Dans cet article
- Docker est un outil de conteneurisation qui empaquette une application et ses dépendances dans un conteneur isolé
- Kubernetes est un orchestrateur de conteneurs qui gère le déploiement, la mise à l’échelle et la disponibilité de dizaines ou milliers de conteneurs
- Les deux outils sont complémentaires, pas concurrents : Kubernetes utilise un runtime de conteneurs (comme containerd) pour fonctionner
- Docker Compose convient aux projets de 1 à 10 conteneurs, Kubernetes prend le relais au-delà avec le load balancing et l’auto-scaling
- En production, plus de 60 % des entreprises utilisant des conteneurs s’appuient sur Kubernetes selon la CNCF
- Pour un développeur web, maîtriser Docker est un prérequis indispensable avant d’aborder Kubernetes
Sommaire
- Docker et Kubernetes : définitions claires
- Les différences fondamentales entre Kubernetes et Docker
- Tableau comparatif Kubernetes vs Docker
- Quand utiliser Docker seul et quand passer à Kubernetes
- Kubernetes et Docker : des outils complémentaires en pratique
- Alternatives : Podman, Docker Swarm et autres orchestrateurs
- Comment démarrer avec la conteneurisation en 2026
- Ce qu’il faut retenir
Quand j’ai commencé à travailler avec des conteneurs en 2017, la confusion entre Docker et Kubernetes revenait dans chaque discussion d’équipe. Aujourd’hui encore, je vois régulièrement des développeurs qui opposent ces deux technologies alors qu’elles répondent à des besoins très différents. Après plusieurs années à déployer des applications PHP/Symfony et WordPress avec ces outils, je vais vous expliquer concrètement ce qui les distingue et comment les utiliser ensemble.
Docker et Kubernetes : définitions claires
Docker : la conteneurisation simplifiée
Docker est une plateforme de conteneurisation qui permet d’empaqueter une application avec toutes ses dépendances dans un conteneur léger et portable. Concrètement, quand je développe une application Symfony, je crée un fichier Dockerfile qui décrit l’environnement exact dont mon application a besoin : version de PHP, extensions, configuration Apache ou Nginx, variables d’environnement.

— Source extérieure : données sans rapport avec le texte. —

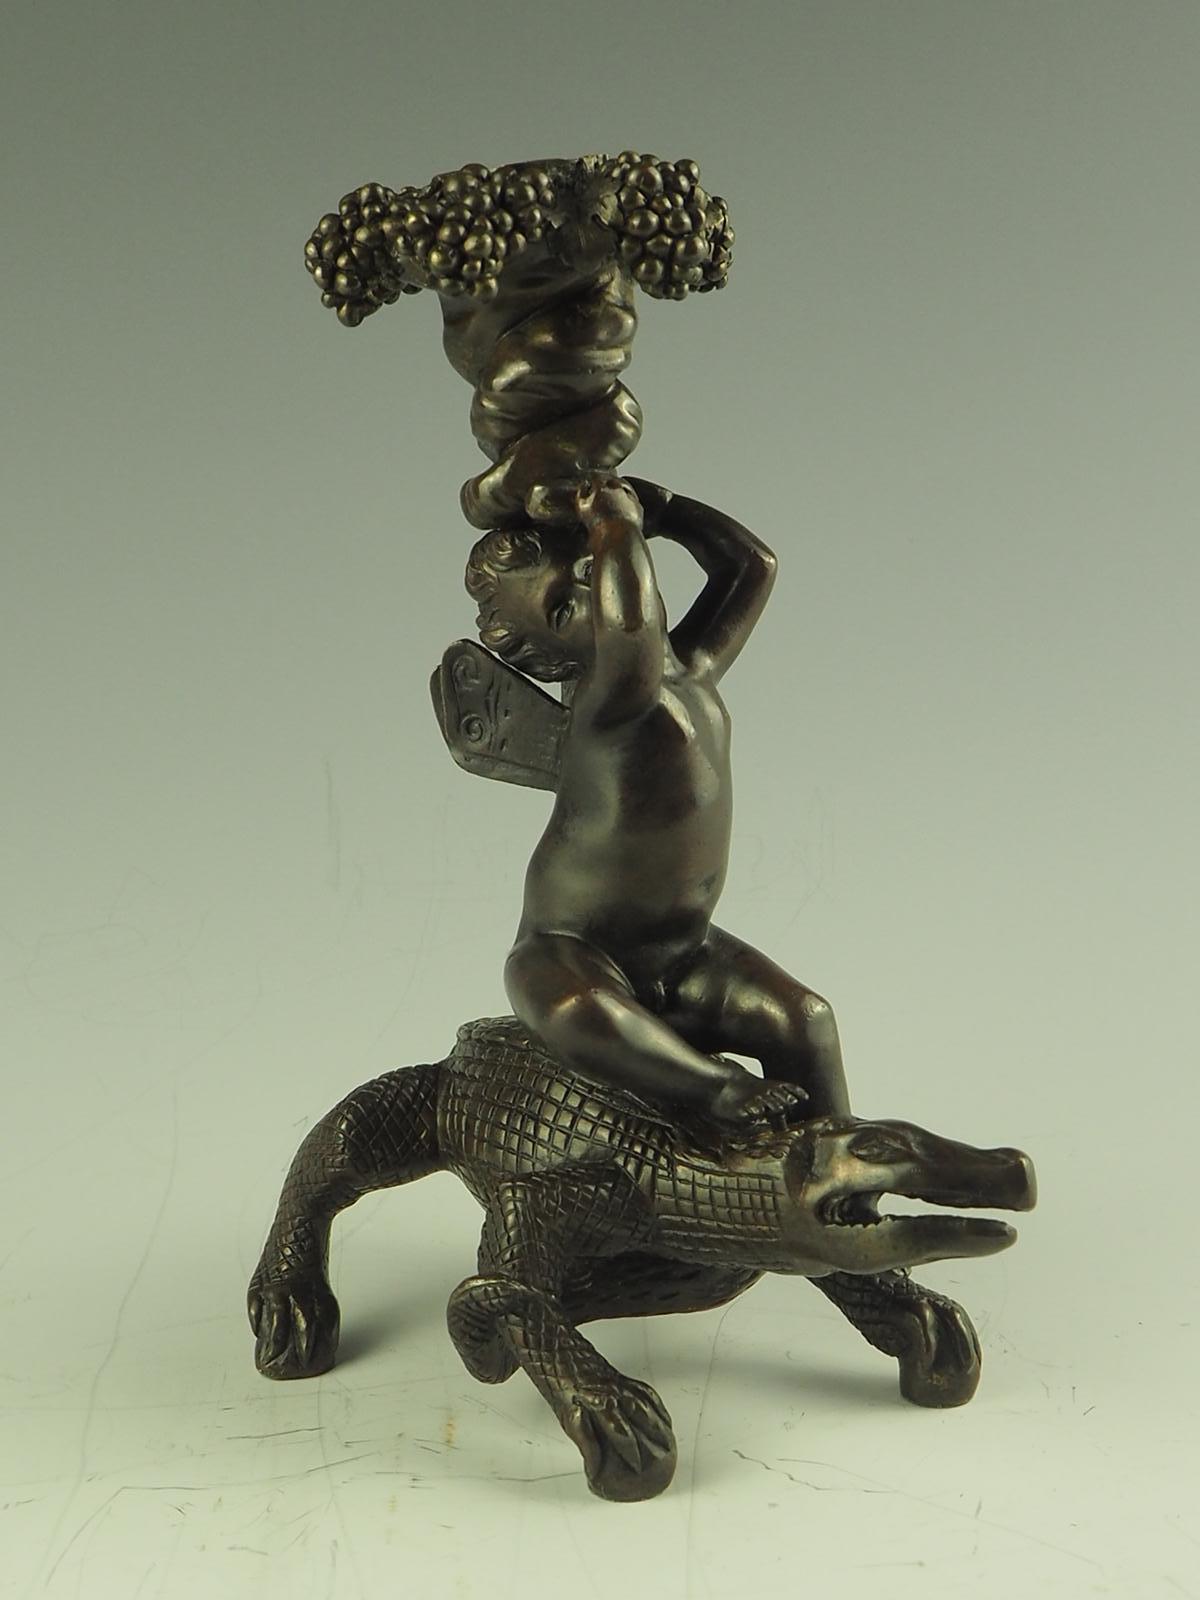 Antique bronze candlestick, depict a bacchanalian putto astride crocodile (or alligator), holding aloft entwined vines, rising to bunches of grapes and vine leaves. The putto is sat on a crocodile, with mouth open and tail twist beneath.

c 1890.

Le conteneur Docker fonctionne de manière isolée du système hôte. Cela signifie que mon application tourne de la même façon sur ma machine de développement, sur le serveur de staging et en production. Fini le fameux « ça marche sur ma machine ». Docker utilise le noyau Linux du système hôte et partage ses ressources, ce qui le rend bien plus léger qu’une machine virtuelle classique.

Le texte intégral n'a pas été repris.